The plasma gas is supplied to the inner space of the nozzle receiver 6 through the space outside the nozzle 5. Within the insulating table 14 is a baffle 26, which is a half-circular plate ring half, which is used to concentrate the plasma gas flow around the electrode 18, outside the cone 25, in the center hole 13. The right half is closed. Other structures are the same as in the second embodiment.

[Brief description of the drawings]

FIG. 1 is a longitudinal sectional view showing a main part of a first embodiment of the present invention.

FIG. 2 is a longitudinal sectional view showing a main part of a second embodiment of the present invention.

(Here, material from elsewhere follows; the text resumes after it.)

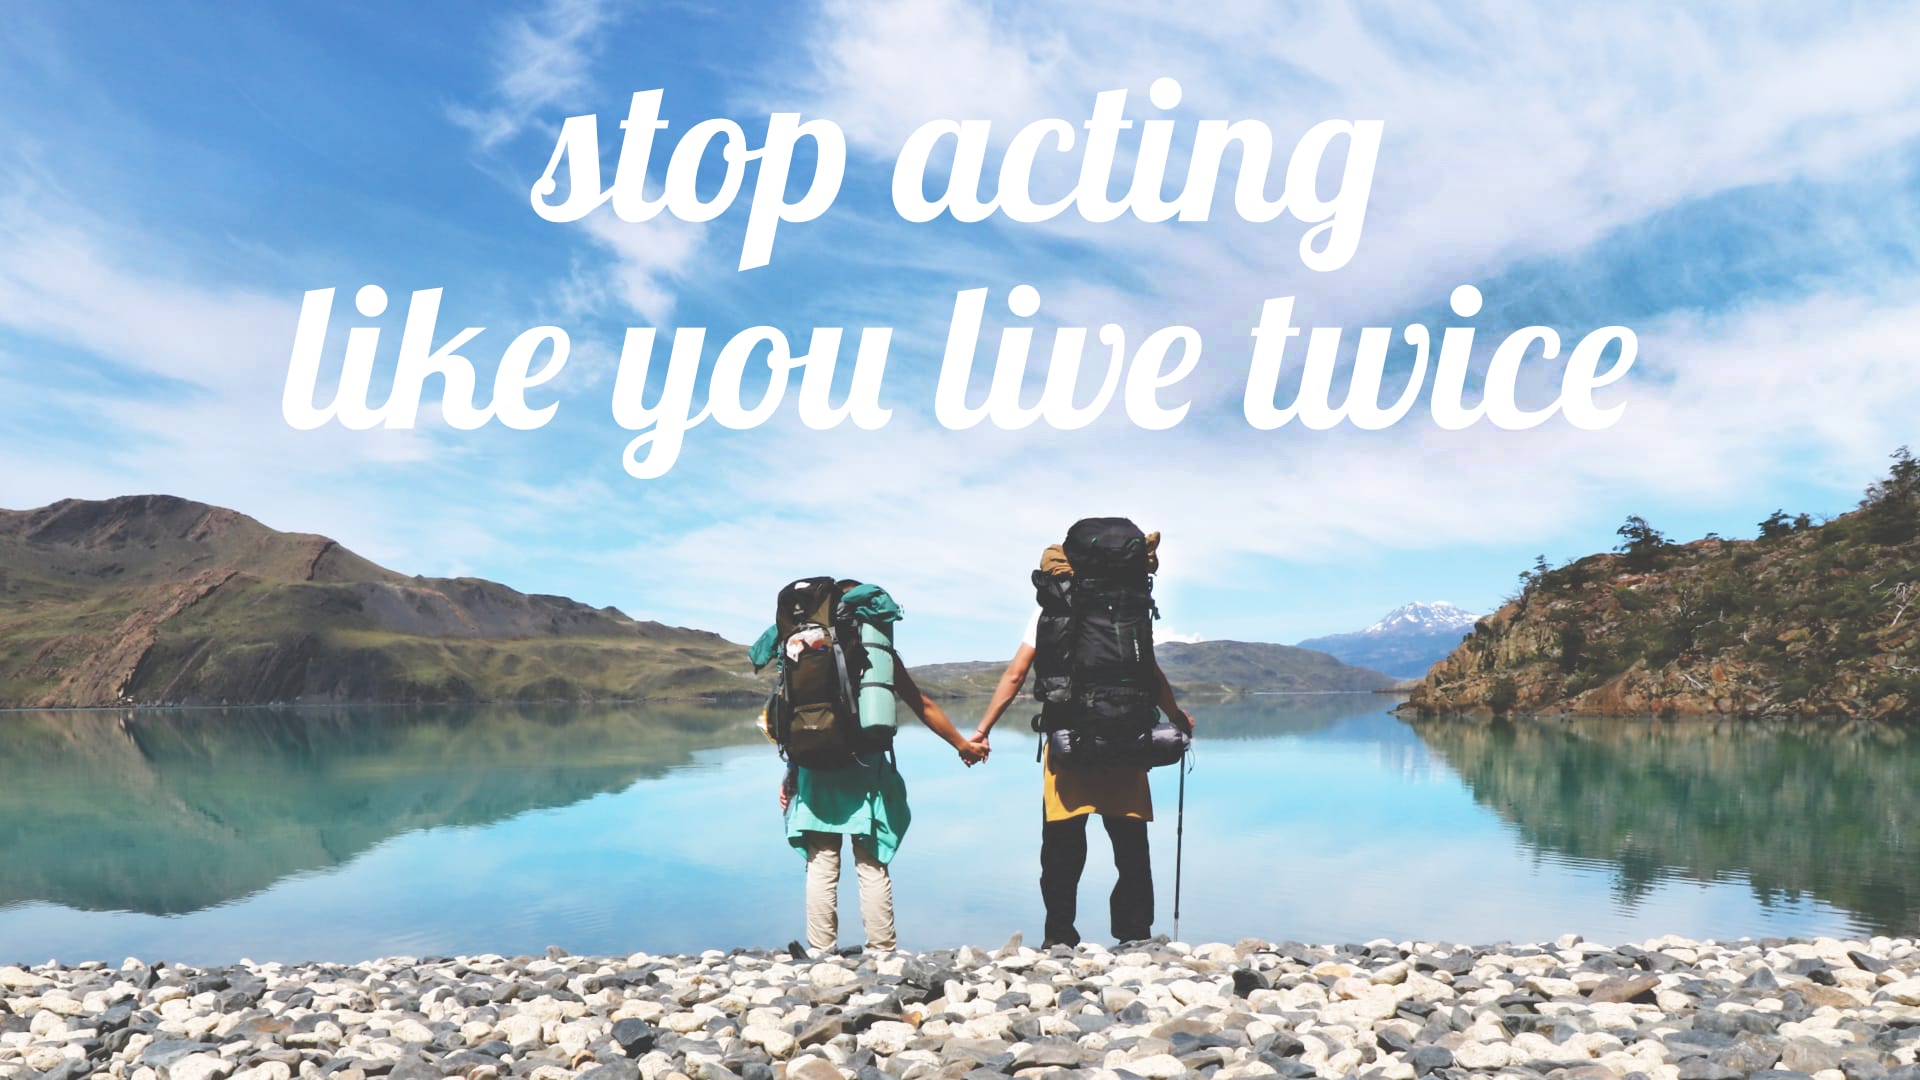 Stop acting like you live twice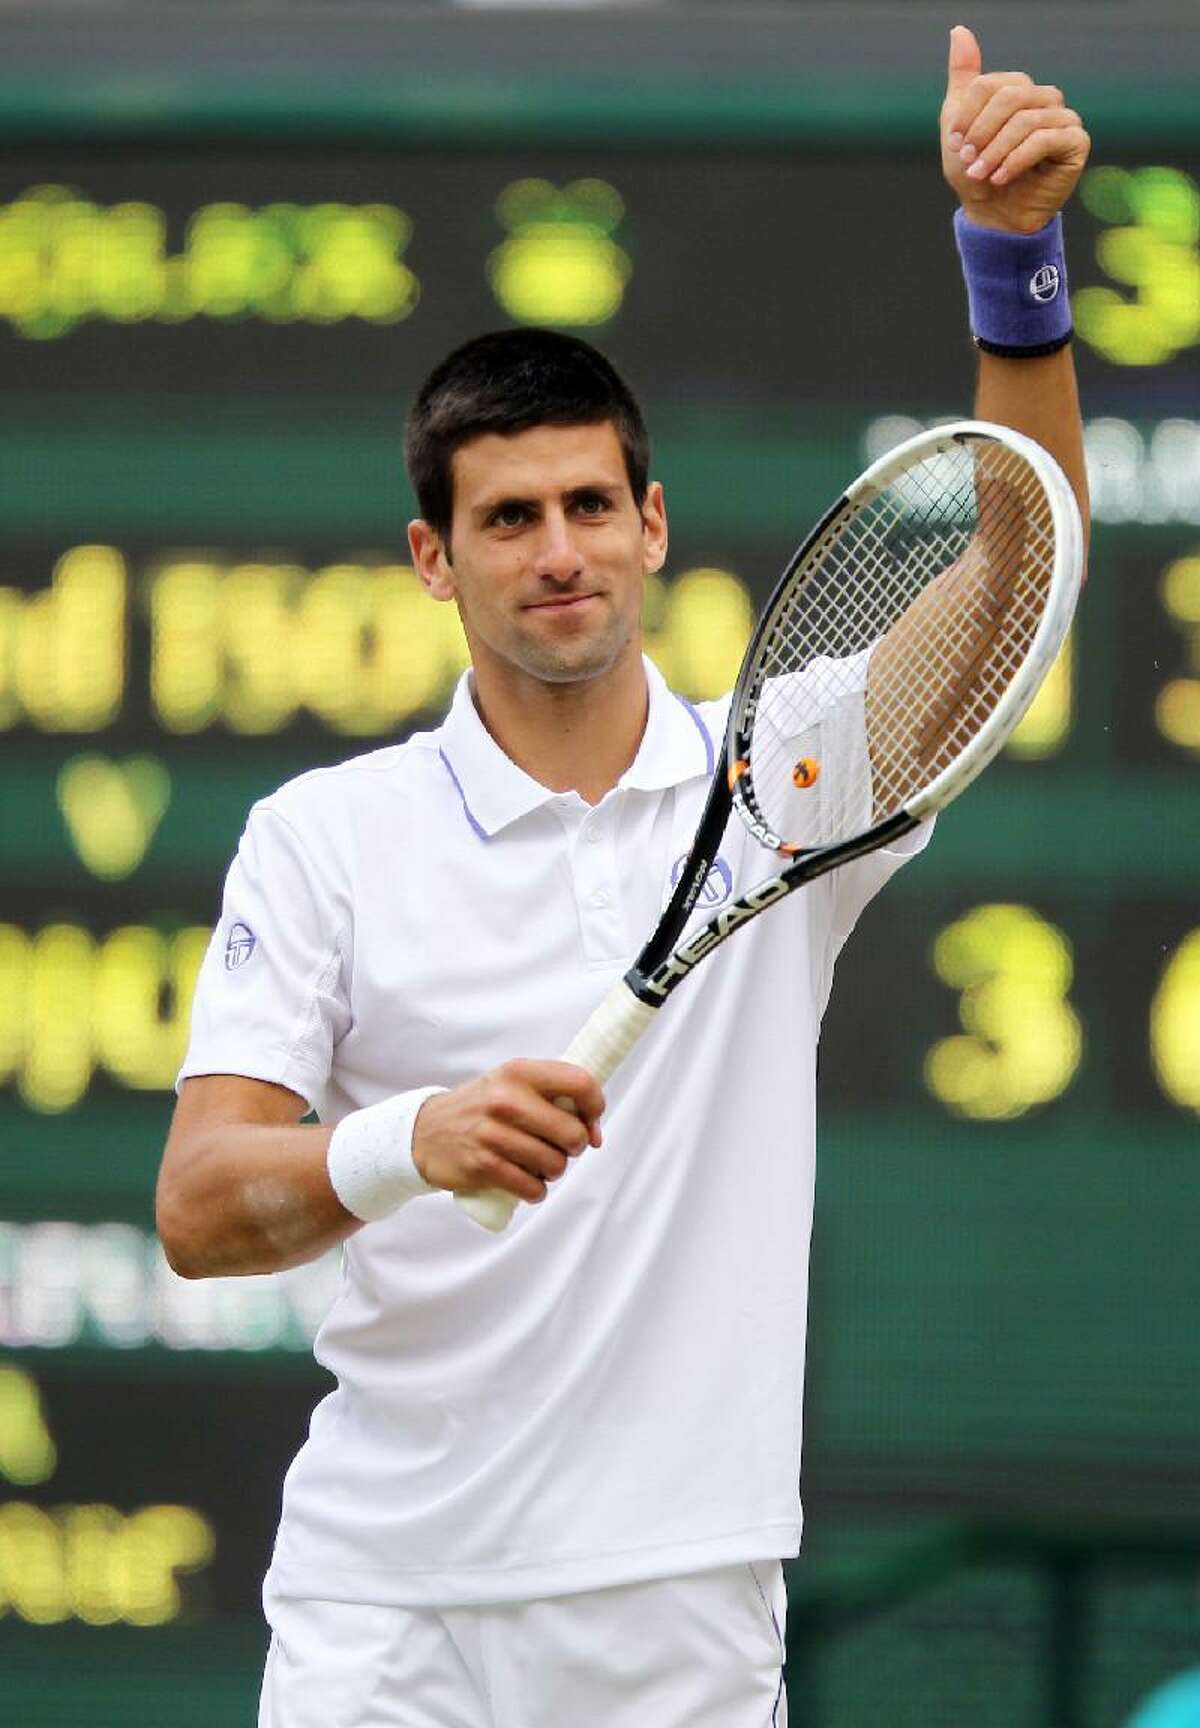 ASSOCIATED PRESS Serbia's Novak Djokovic celebrates defeating France's Jo Wilfried Tsonga on Friday at the 2011 Wimbledon Championships at the All England Lawn Tennis and Croquet Club.

FIG. 3 is a longitudinal sectional view showing a main part of a third embodiment of the present invention.

[Explanation of symbols]

 1: nozzle member 2: nozzle 3: conical surface 4: cooling water channel 5: O-ring 6: nozzle receiver 7: O-ring 8: plasma gas port 9: gas injection nozzle 10: gasket 11: gas injection port 13: center hole 14: Insulating table 15: Bolt 16: Female screw cylinder 17: YAG laser head 18: Plasma electrode 19: Fastening screw 20: Lock nut 21: YAG laser beam 22: Optical axis 23: Gas flow space 24: Gas injection port 25: Cone 26: Baffle

 ────────────────────────────────────────────────── ─── Continuing on the front page (72) Inventor Junichi Clothing Bag 7-6-1 Higashi-Narashino, Narashino-shi, Chiba F-term (Reference) 4E068 AA01 BC00 CD15 CH02

Claims (5)

[Claims] A nozzle member having a nozzle through which an optical axis of the laser beam passes; an insulating member supporting the nozzle member and surrounding a part of a transmission space of the laser beam toward the nozzle; An electrode support member coupled to the insulating member, the plasma electrode holding the plasma electrode in a posture and a position facing the nozzle from a position where the plasma electrode is inclined with respect to the optical axis and retracted from the optical axis; And a means for coupling the electrode support member to a laser head that emits the laser beam. 2. The inner surface of the nozzle member where the nozzle is open is a conical surface centered on the nozzle and bottomed on the nozzle;
The insulating member has a plasma gas flow path opened in a circumferential direction on an inner peripheral surface surrounding a transmission space of the laser beam;
The laser / plasma combined processing apparatus according to claim 1. 3. The laser / plasma combined processing apparatus according to claim 2, wherein an opening of said electrode support member for passing said laser beam is smaller in diameter than said inner peripheral surface of said insulating member. 4. A power supply for generating a pilot plasma between the nozzle member and the plasma electrode; and a main power supply for supplying a main plasma arc current between the workpiece and the plasma electrode. 4. The combined laser / plasma processing apparatus according to claim 1, 2 or 3. 5. The method according to claim 1, wherein the laser is a YAG laser.
5. The laser / plasma combined processing apparatus according to claim 2, 3 or 4.